Making money in the metaverse: Early adopters seek real-life fortunes in virtual world
Watch the CBS Reports documentary "Welcome to the Metaverse" in the video player above. It premieres on CBS News streaming Sunday, March 27, at 8 p.m., 11 p.m. and 2 a.m. ET.
The metaverse has recently become a buzzword in the tech world and beyond. It represents a further migration from the real world to a digital reality, and it's also a place where users can own their virtual assets thanks to the blockchain. Blockchain, the underlying technology of cryptocurrency, is a digital ledger that records transactions and securely tracks digital assets.
In the metaverse, these assets can be digital art, video game characters and even parcels of virtual land, which have seen meteoric rises in value in the last year. In November 2021, a plot of land in the virtual world Decentraland sold for $2.4 million.
Some early adopters of the metaverse are making real-life fortunes in the virtual world — though it's not without risk.
Kevin "KevinOnEarth" Clark
Kevin Clark says he was first attracted to the metaverse after feeling cut off from the world during the COVID-19 pandemic. Clark used the metaverse to reconnect with people and go to virtual events while much of the real world was shut down.
"That was sort of the moment when I realized that something that was taken away from us could be reaccessed through the metaverse," he said.
Clark first bought land in Decentraland at the end of 2020 for $700. Today he says it could sell for over $20,000. Clark used his land to build a metaverse news station. His show, "The Decentraland Report," is live-streamed on Twitch. His goal is to tell the stories of the metaverse's early adopters and document the history of Decentraland.
"I said, I am the Decentraland reporter here on the scene," Clark says. "I showed up somewhere, started interviewing people and just asking them, 'Why are you here? What was your inspiration?' And then from there just people in the community were like, 'I want my story told too.'"
The digital assets that help make up the metaverse are known as NFTs, or non-fungible tokens. Each NFT is a completely unique digital asset — unlike bitcoin, which are interchangeable.

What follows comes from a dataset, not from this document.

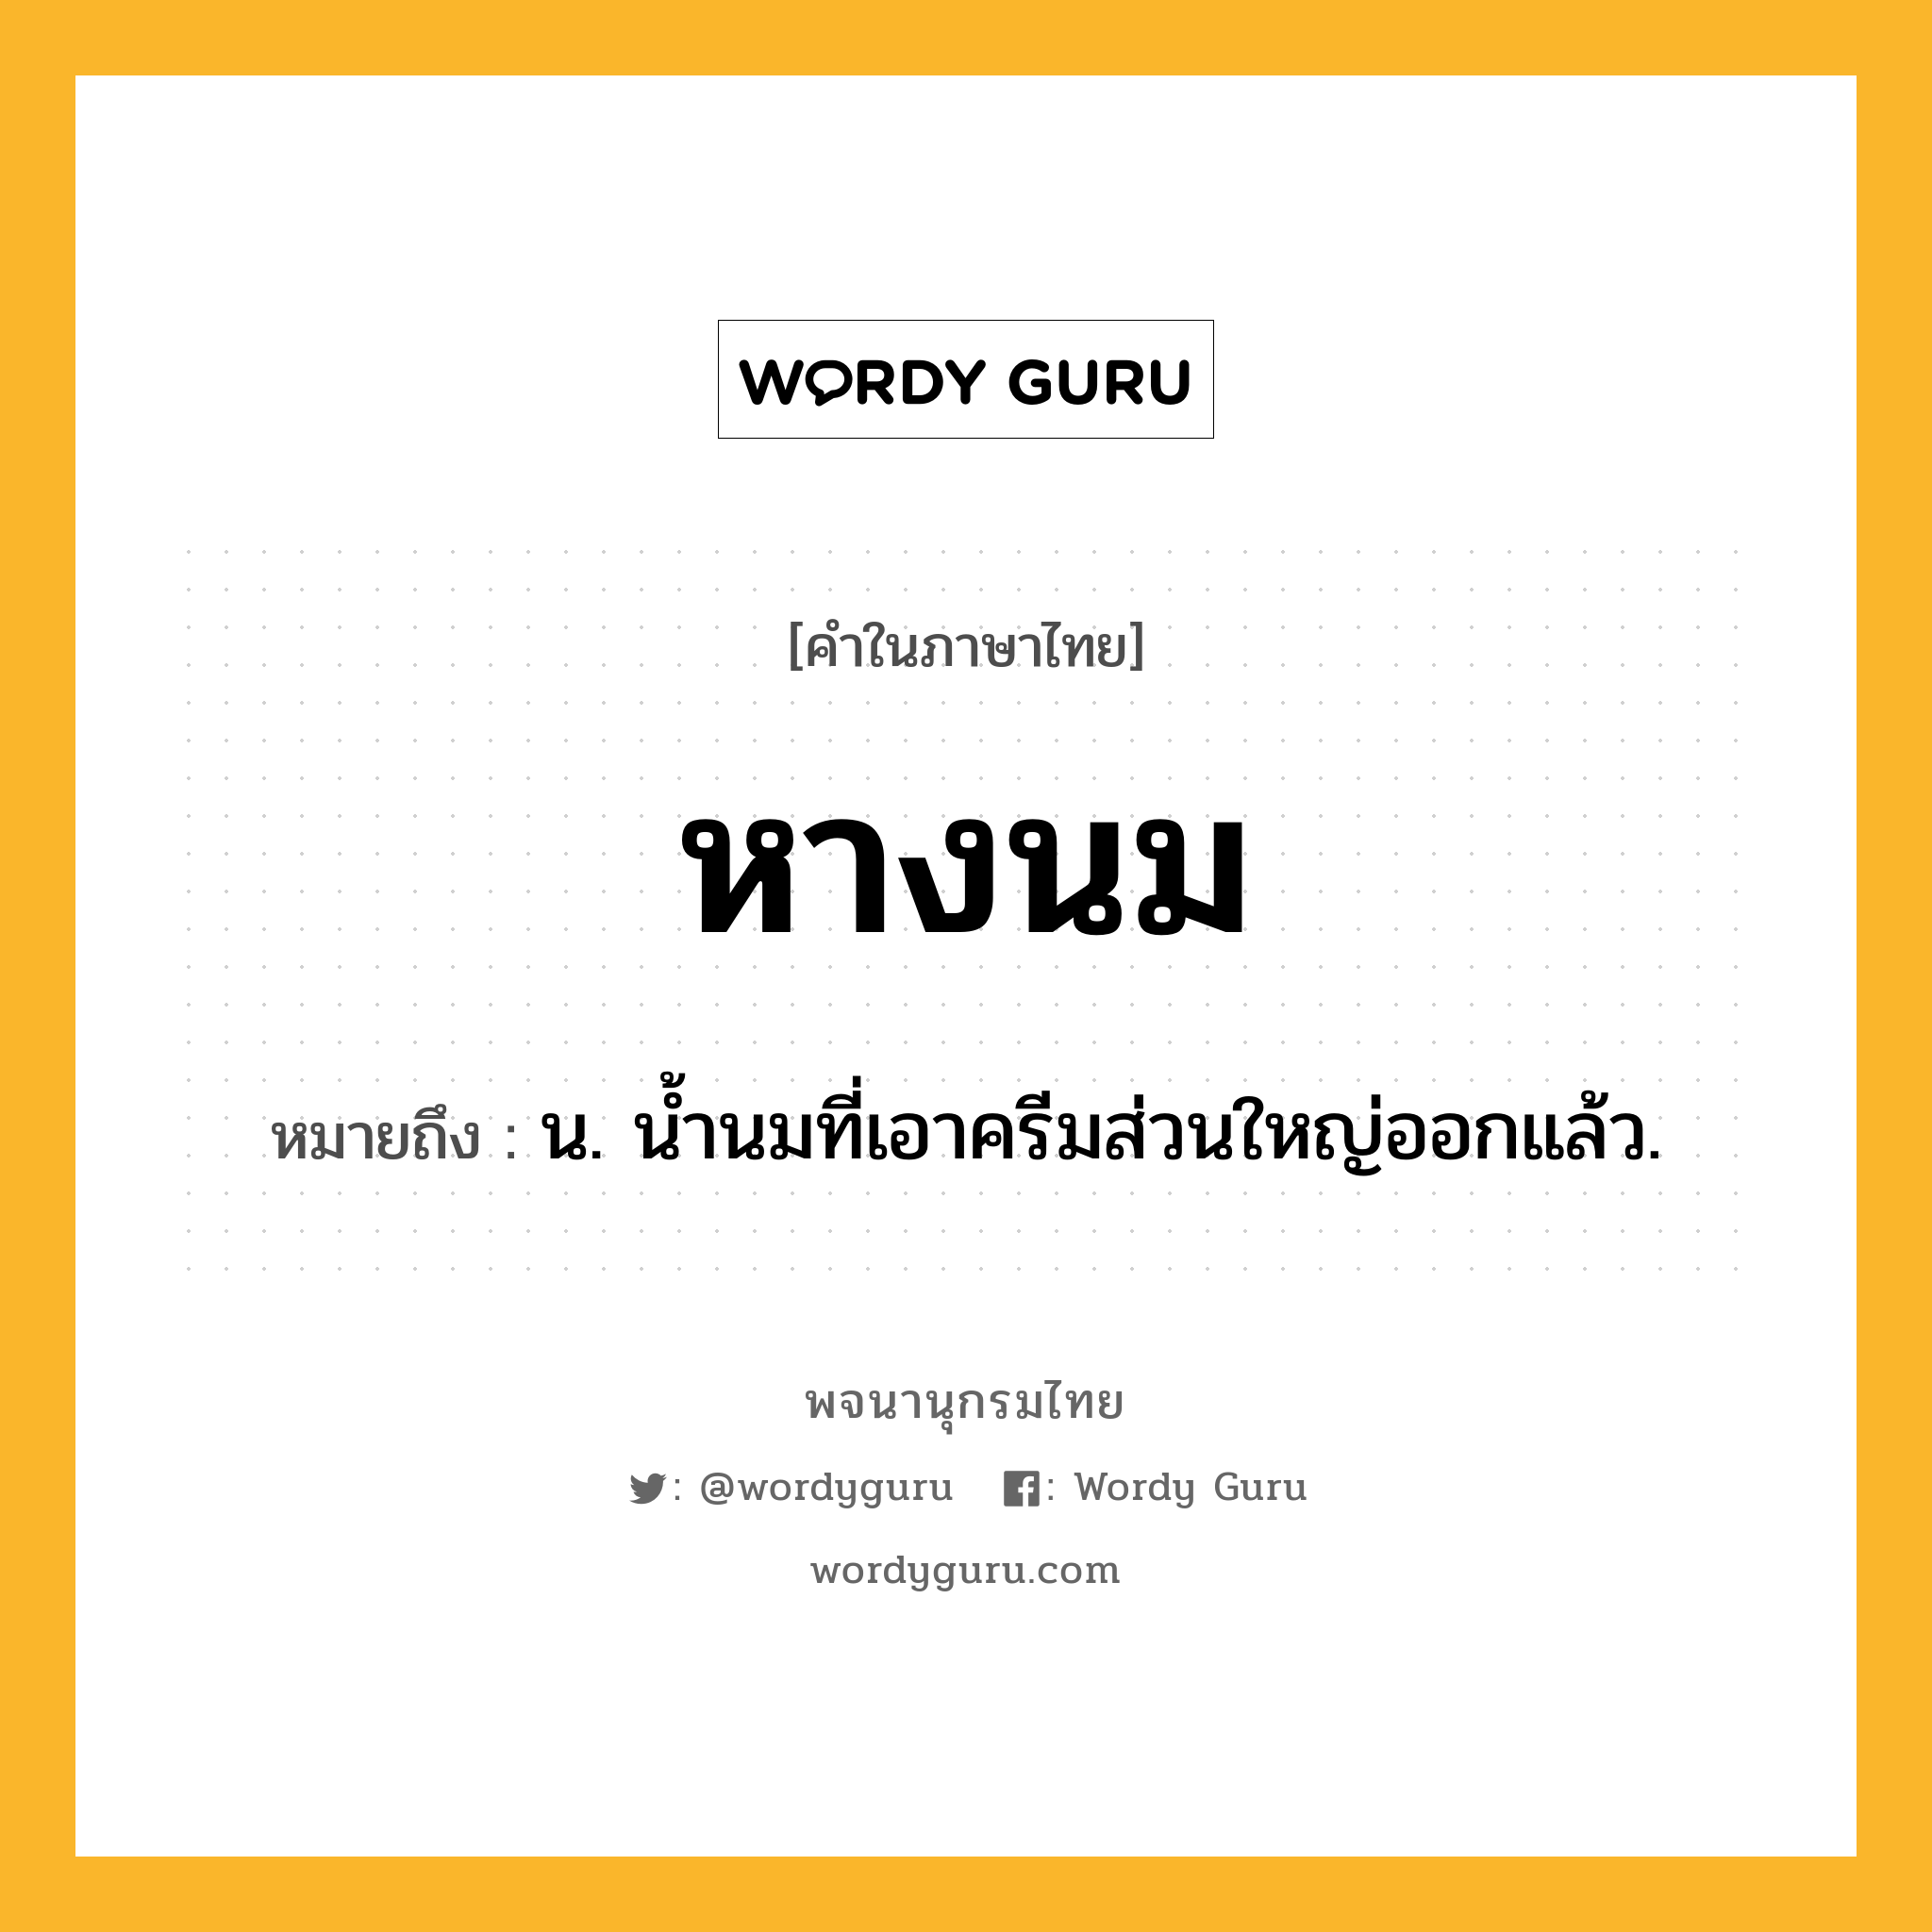 หางนม ความหมาย หมายถึงอะไร?, คำในภาษาไทย หางนม หมายถึง น. น้ำนมที่เอาครีมส่วนใหญ่ออกแล้ว.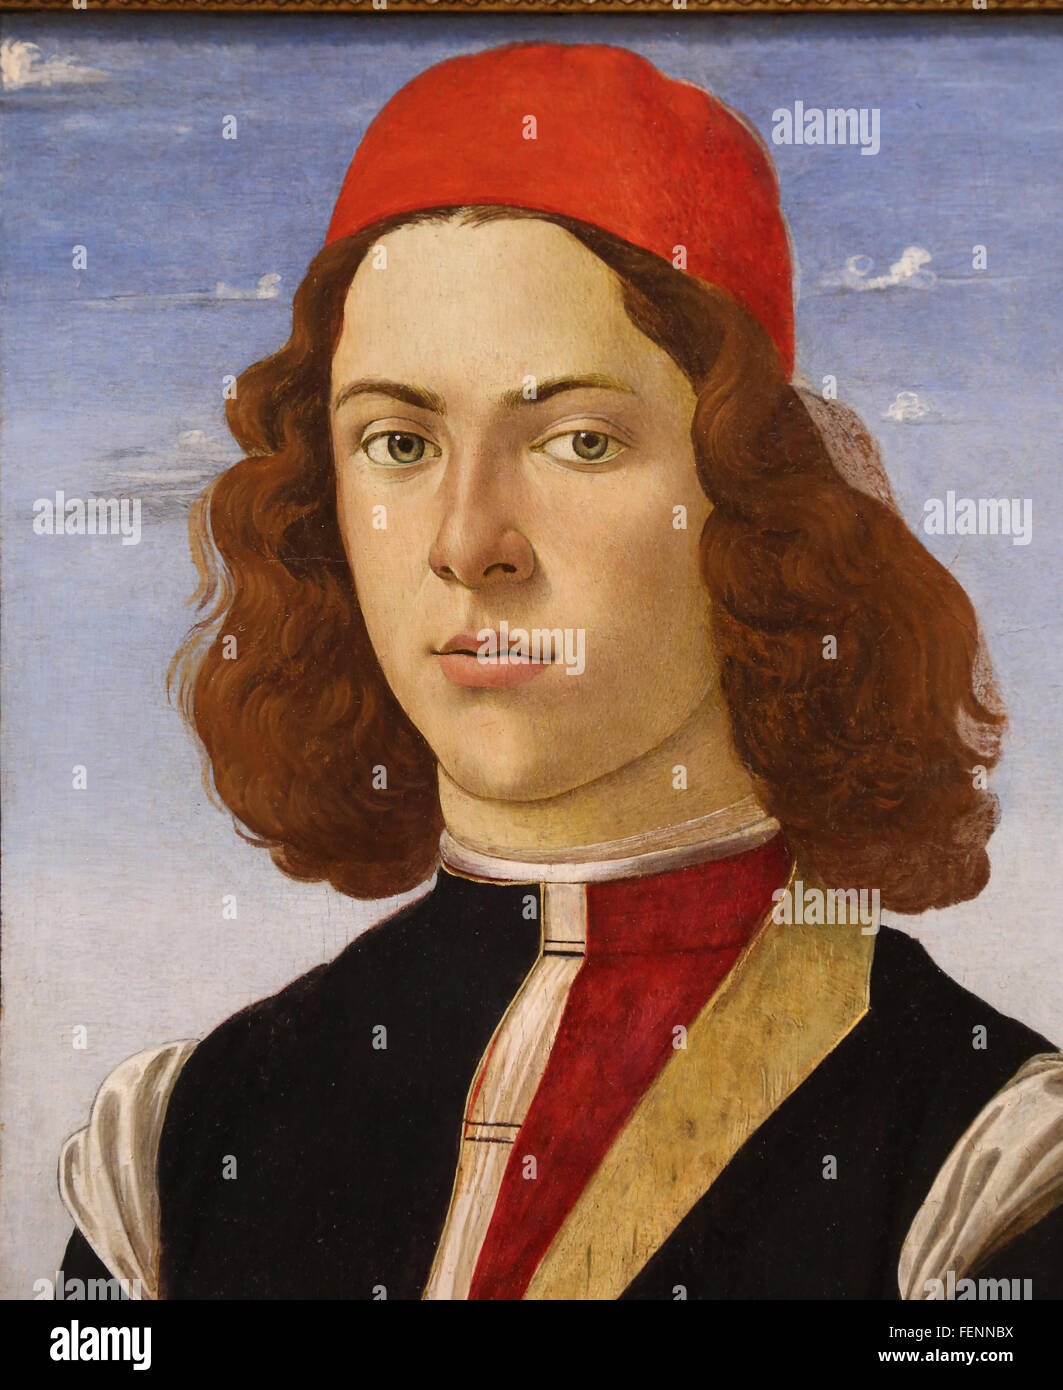 Retrato de un hombre joven, de 1475. Por Sandro Botticelli (1445-1510). Escuela italiana. Óleo sobre lienzo. El Museo del Louvre. París. Francia. Foto de stock

An NFT can take the form of parcels of virtual land, music or digital art.
Jaiden Stipp, 15, started making art in July of 2020. His work, entirely digital, drew inspiration from Nintendo and video games like Kirby. In February 2021, less than a year after starting, he decided to "mint" one of his pieces — turning a digital file into a NFT.
"I didn't even know what an NFT was at the time," he recalls. "I just minted it because I thought it was cool, you know."
Stipp was hoping his piece could sell for $50, but within two days the bidding was already into the hundreds. His piece then attracted the attention of FEWOCiOUS, one of the NFT world's most popular artists. FEWOCiOUS placed a public bid on Stipp's work, which sent the price skyrocketing. Eventually it sold for 20 Ethereum — valued then at over $30,000. Stipp minted four more pieces that week, with each NFT selling for more than $30,000.
"I have no idea how much money I have made over the past year, all I know is that it is definitely over a million in sales," Stipp says.
After growing up in Kenya, Brenda Gentry spent more than a decade working as a mortgage underwriter for USAA. She says she loved working there but wanted more than the traditional 9-to-5 job.
"A friend of mine at the bank retired last year," Gentry said. "And she kept saying, 'Hey girl, just keep going, you got 20 more years to go.' When she said that I think it made me sad."
Gentry's daughter Cynthia studied computer science in college and started becoming interested in blockchain technology.
"My daughter goes to college and she's like, 'I don't like computer science, mom. I don't like computer engineering,'" Gentry said. "We're talking about a different technology now. We're talking about blockchain. And it became a conversation where every time she talked about it, it would excite her."
She followed her daughter into the world of digital assets, buying cryptocurrency and NFTs and developing a social media following as "Cryptomom."
Soon, Gentry was getting involved in consulting for Web3 products — Web3 being the much-hyped next phase of the internet, including innovations like NFTs and cryptocurrency — and advising NFT creators on how to launch products. After 15 years in banking, Brenda was able to quit her job and, along her daughters, start Gentry Media Productions, an NFT marketing company.
"Before I got in crypto, I was making about $4,000 per month," Gentry says. "[Now on] the investment side, I am doing well — where I'm like, hey, seven figures here in a bit. But yeah, I'm doing good. I'll just say that."